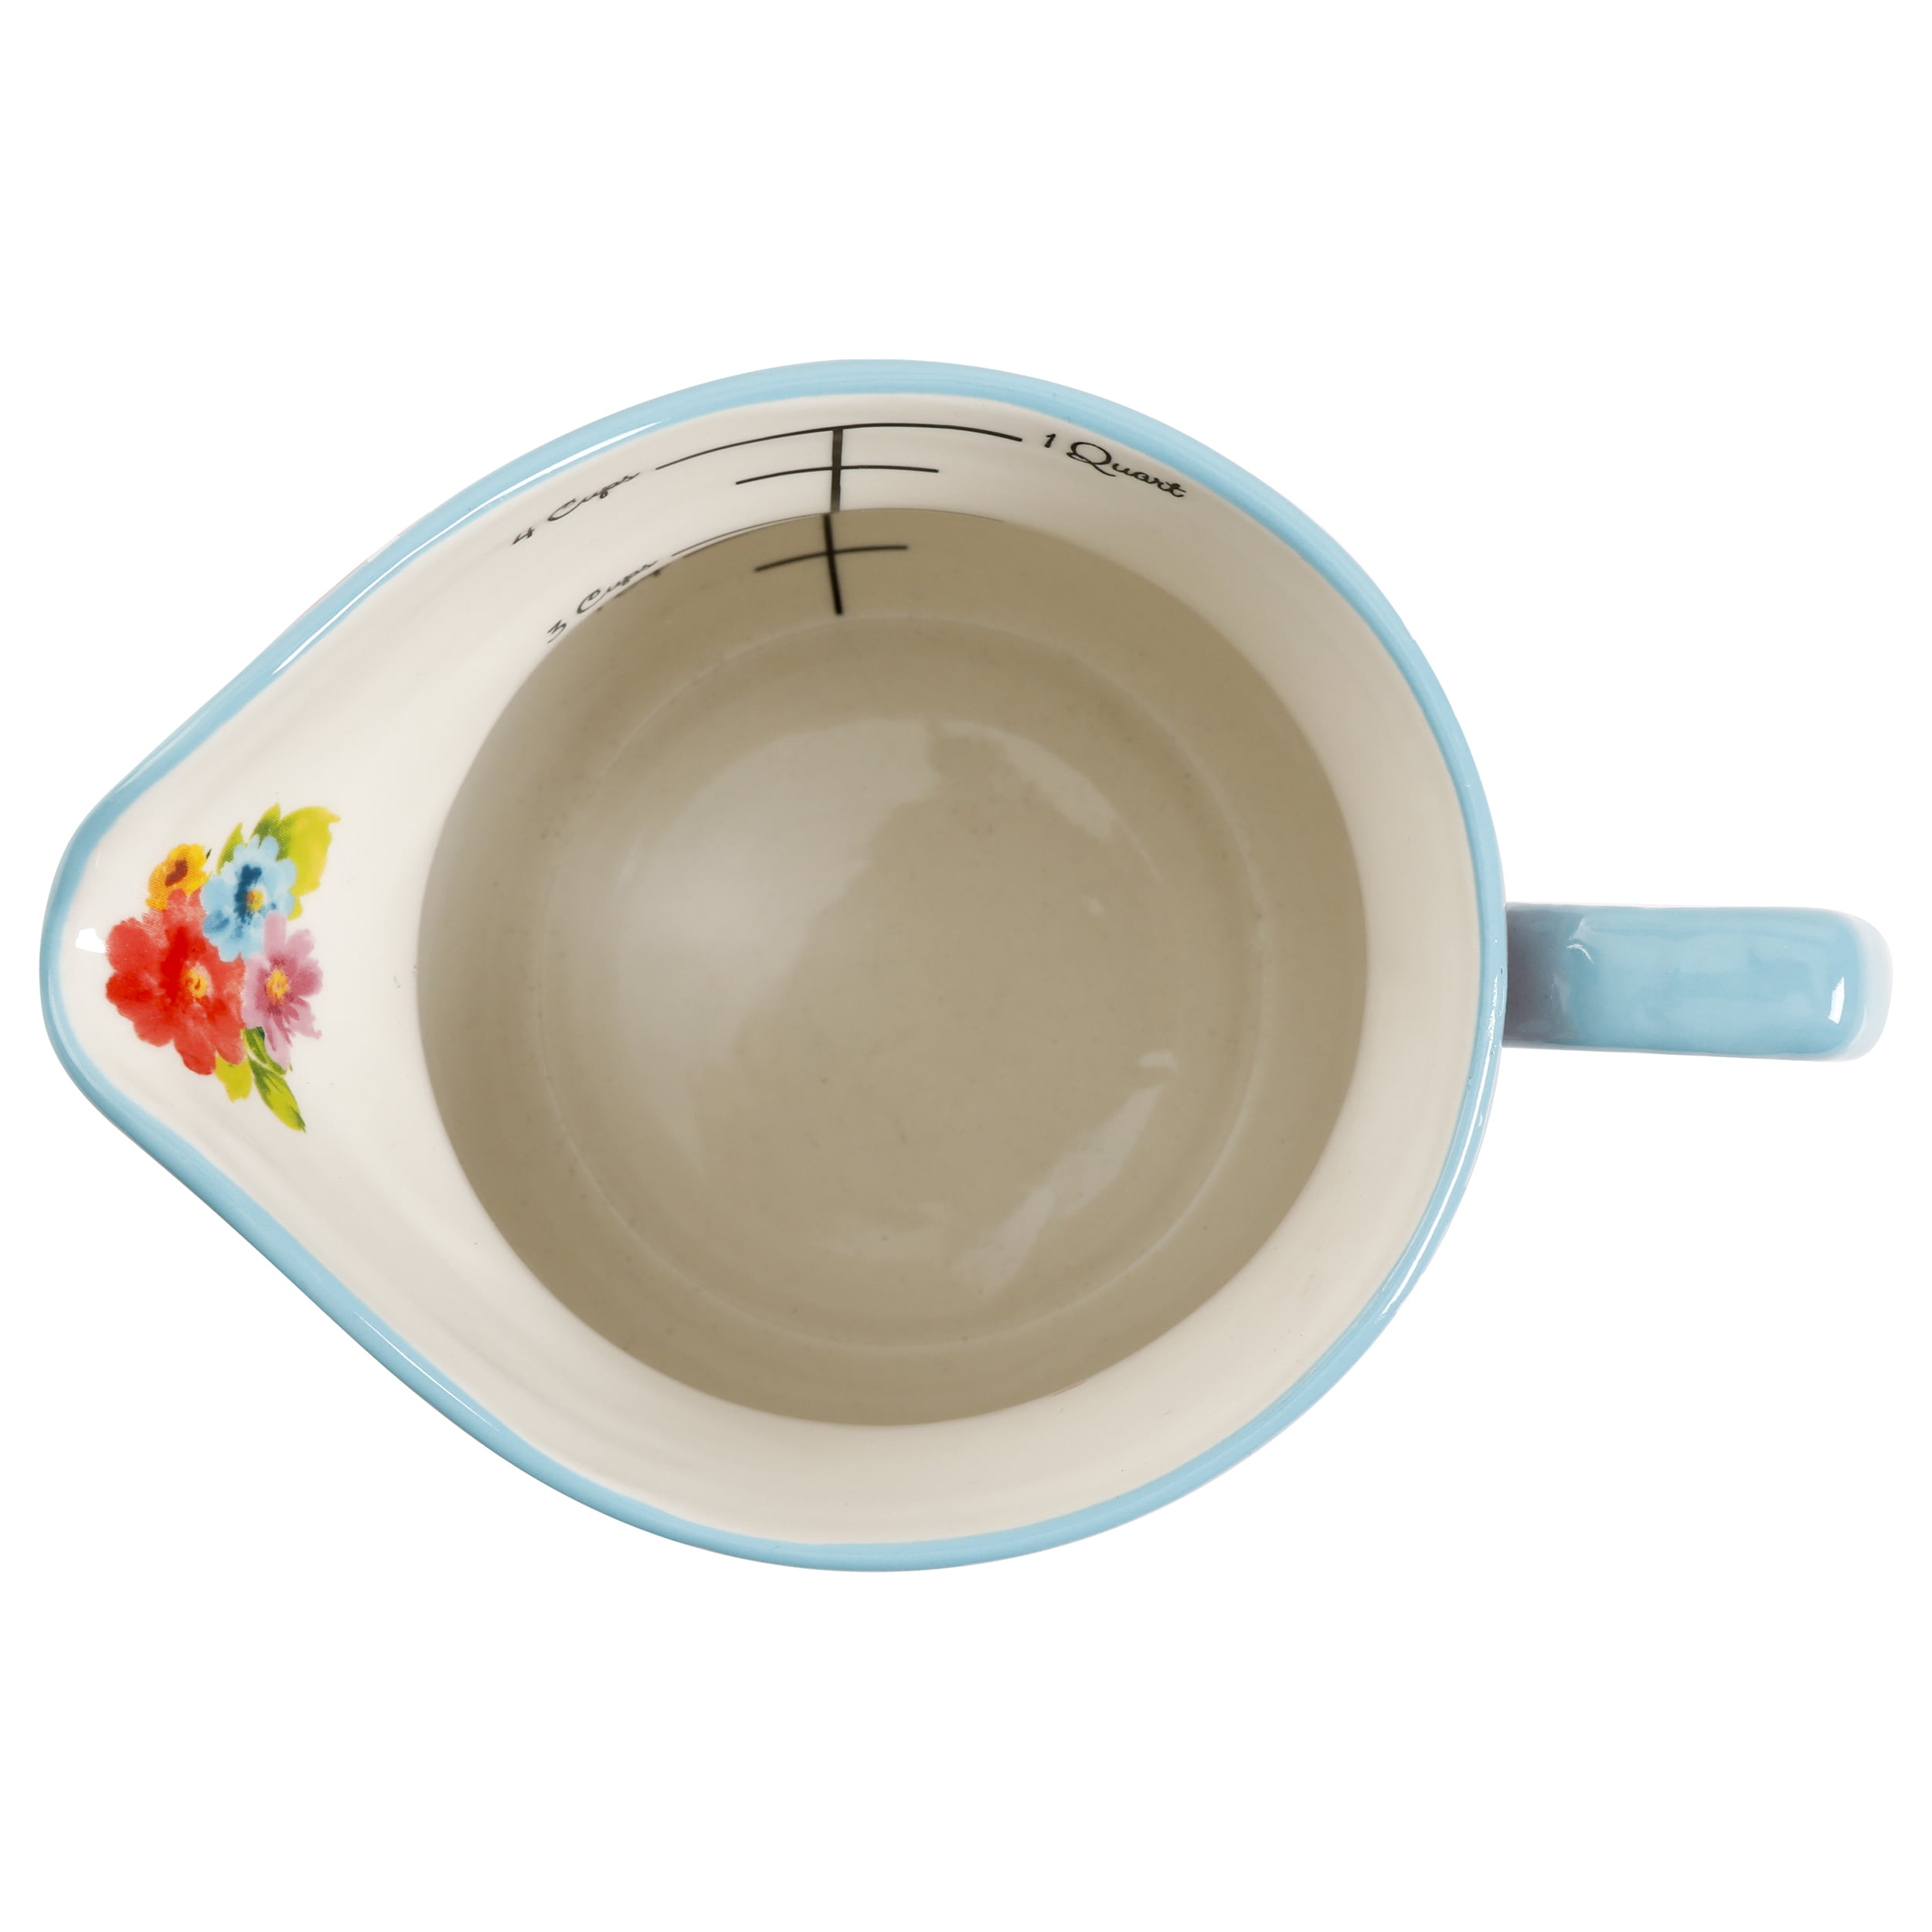 Measuring Cups Sets for sale in Springfield, Missouri
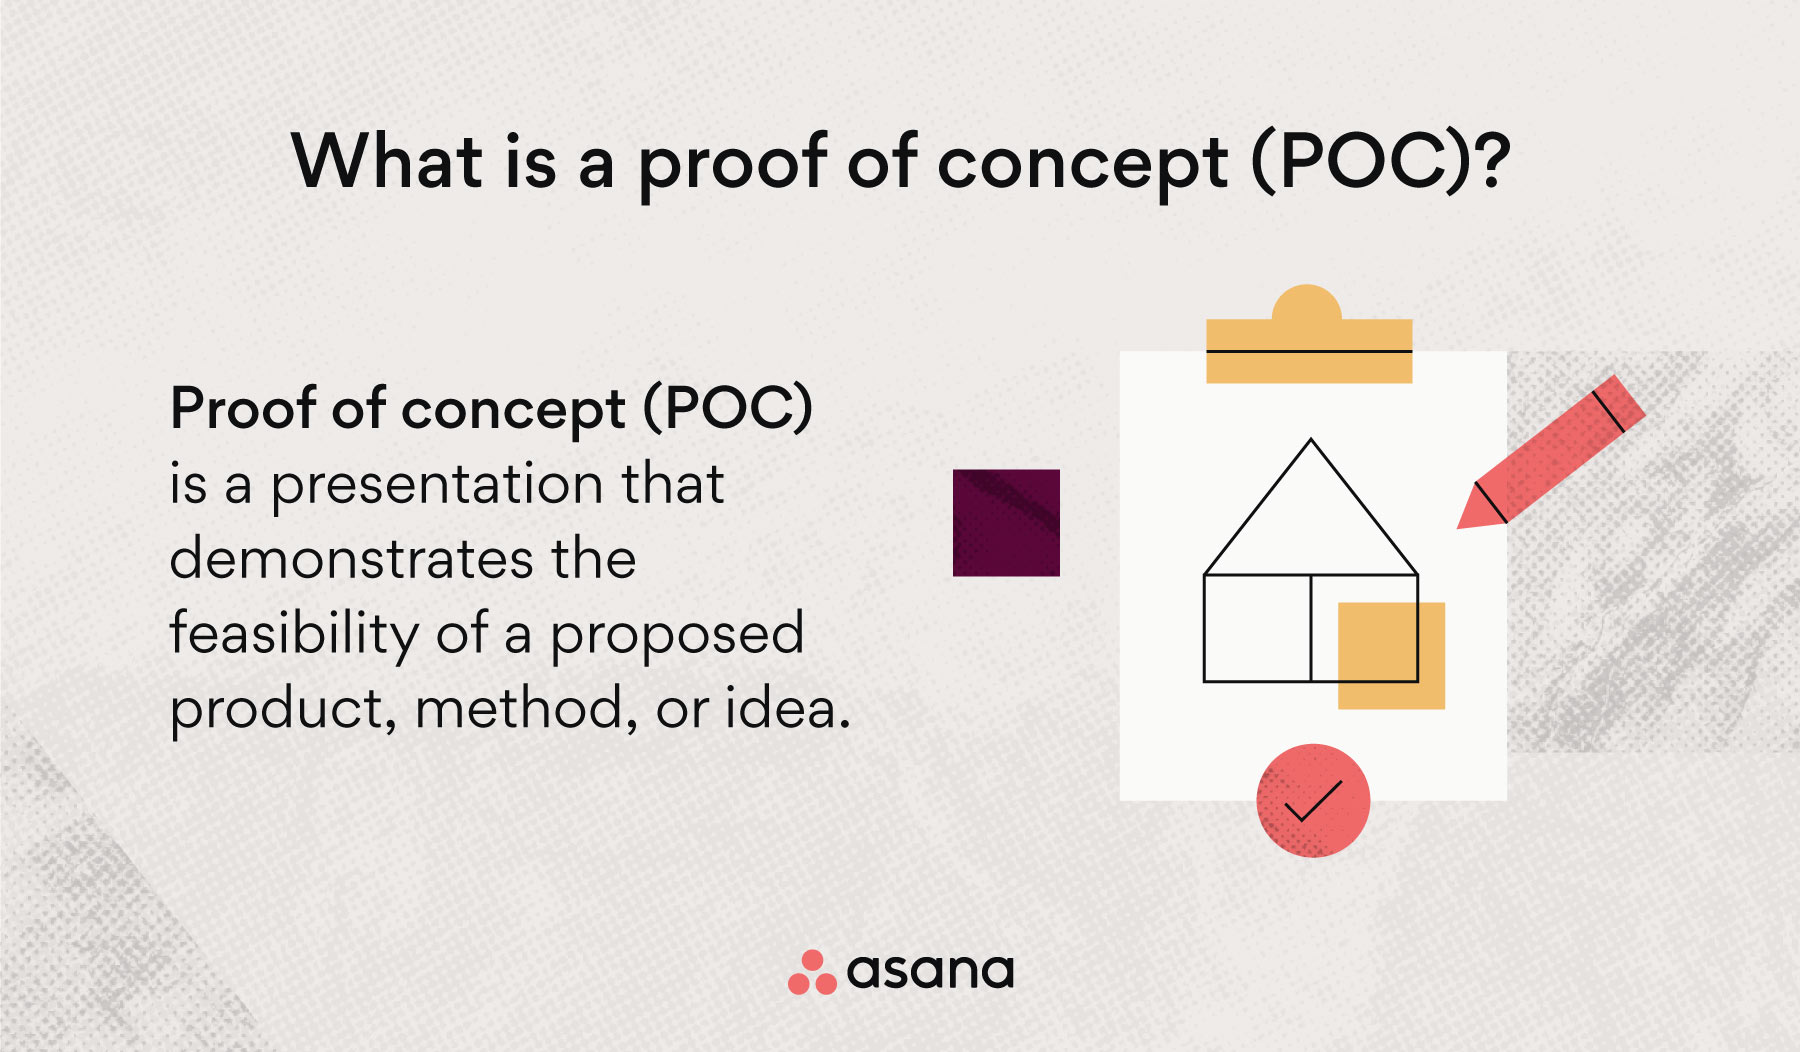 [inline illustration] what is proof of concept (POC)? (infographic)
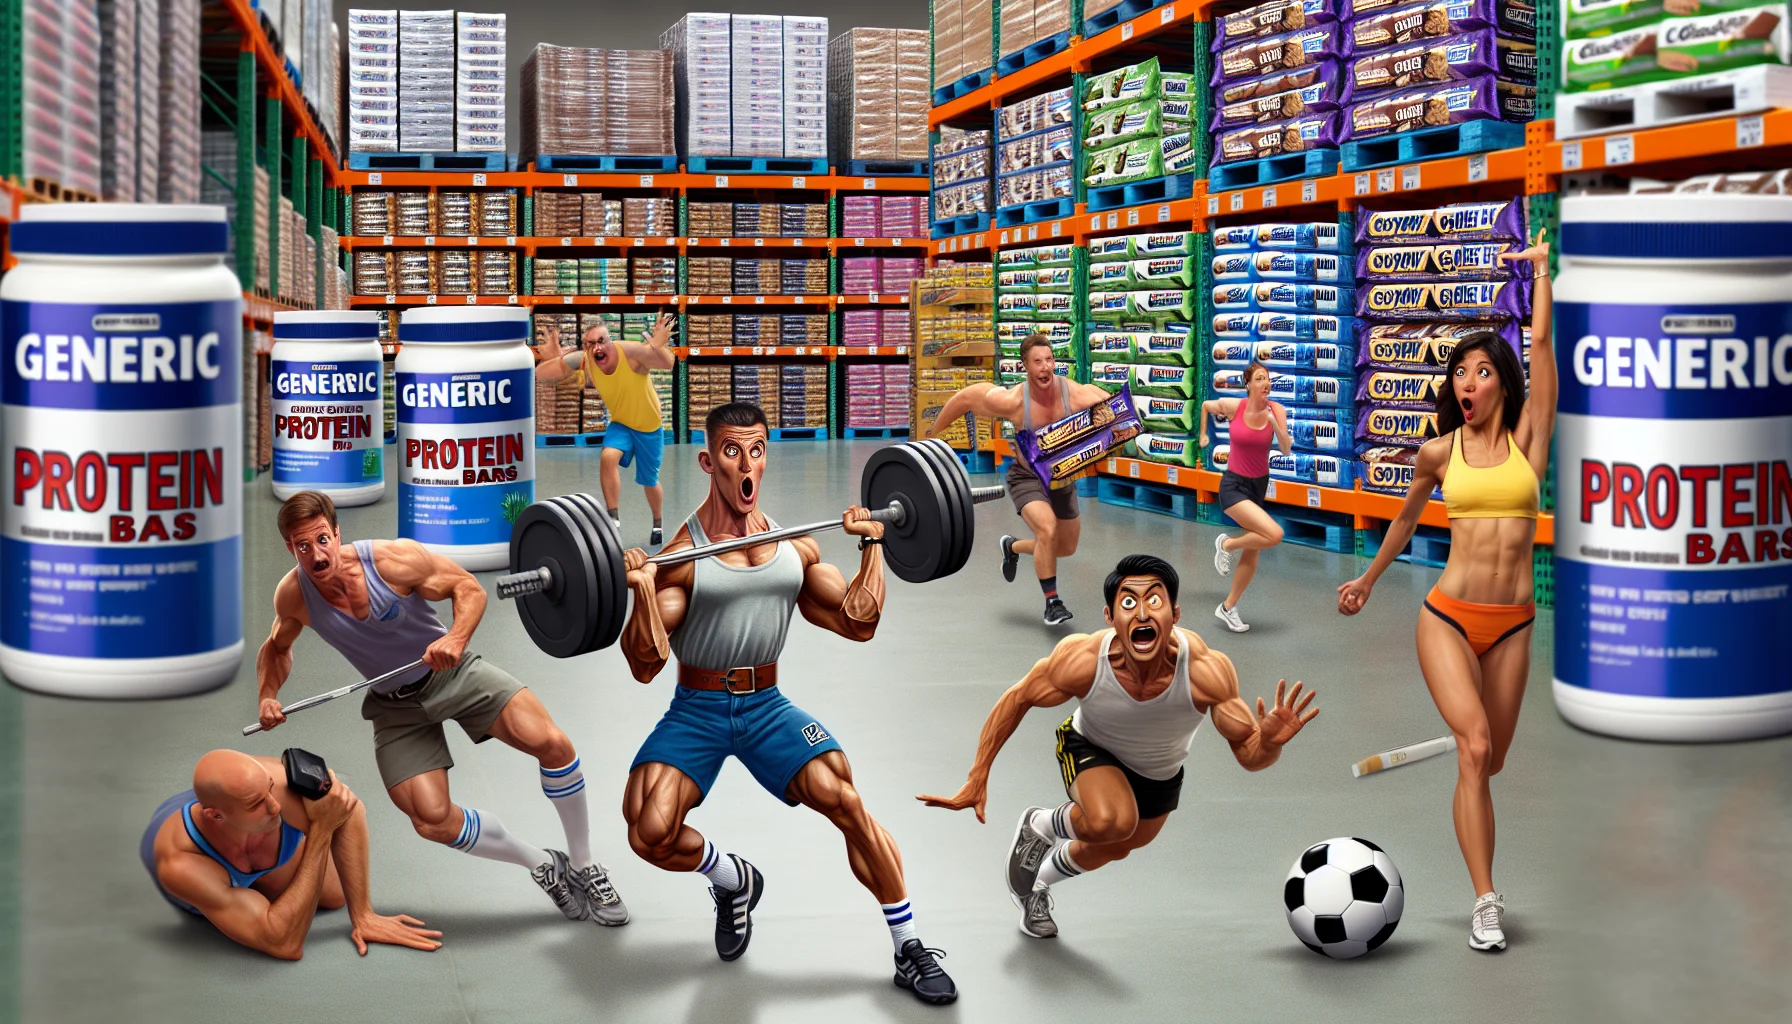 Create an image that showcases an array of generic protein bars on a warehouse store shelf, akin to the ones seen at Costco. Add a backdrop depicting a comedic scene involving different people engaged in various sports activities. Include a male weightlifter of Caucasian descent, misjudging his strength and lifting feather-light objects, a female Hispanic marathon runner sprinting at lightning speed leaving behind a trail of protein bars, and a surprised South Asian soccer player, discovering a protein bar instead of a soccer ball. The image should subtly promote the benefits of sports supplements in a friendly, humorous way.
····················
Please copy the data shown above word for word, omitting the pictures.

 Measuring Cups Sets for sale in Springfield, Missouri
 [inline illustration] what is proof of concept (POC)? (infographic)
 Create an image that showcases an array of generic protein bars on a warehouse store shelf, akin to the ones seen at Costco. Add a backdrop depicting a comedic scene involving different people engaged in various sports activities. Include a male weightlifter of Caucasian descent, misjudging his strength and lifting feather-light objects, a female Hispanic marathon runner sprinting at lightning speed leaving behind a trail of protein bars, and a surprised South Asian soccer player, discovering a protein bar instead of a soccer ball. The image should subtly promote the benefits of sports supplements in a friendly, humorous way.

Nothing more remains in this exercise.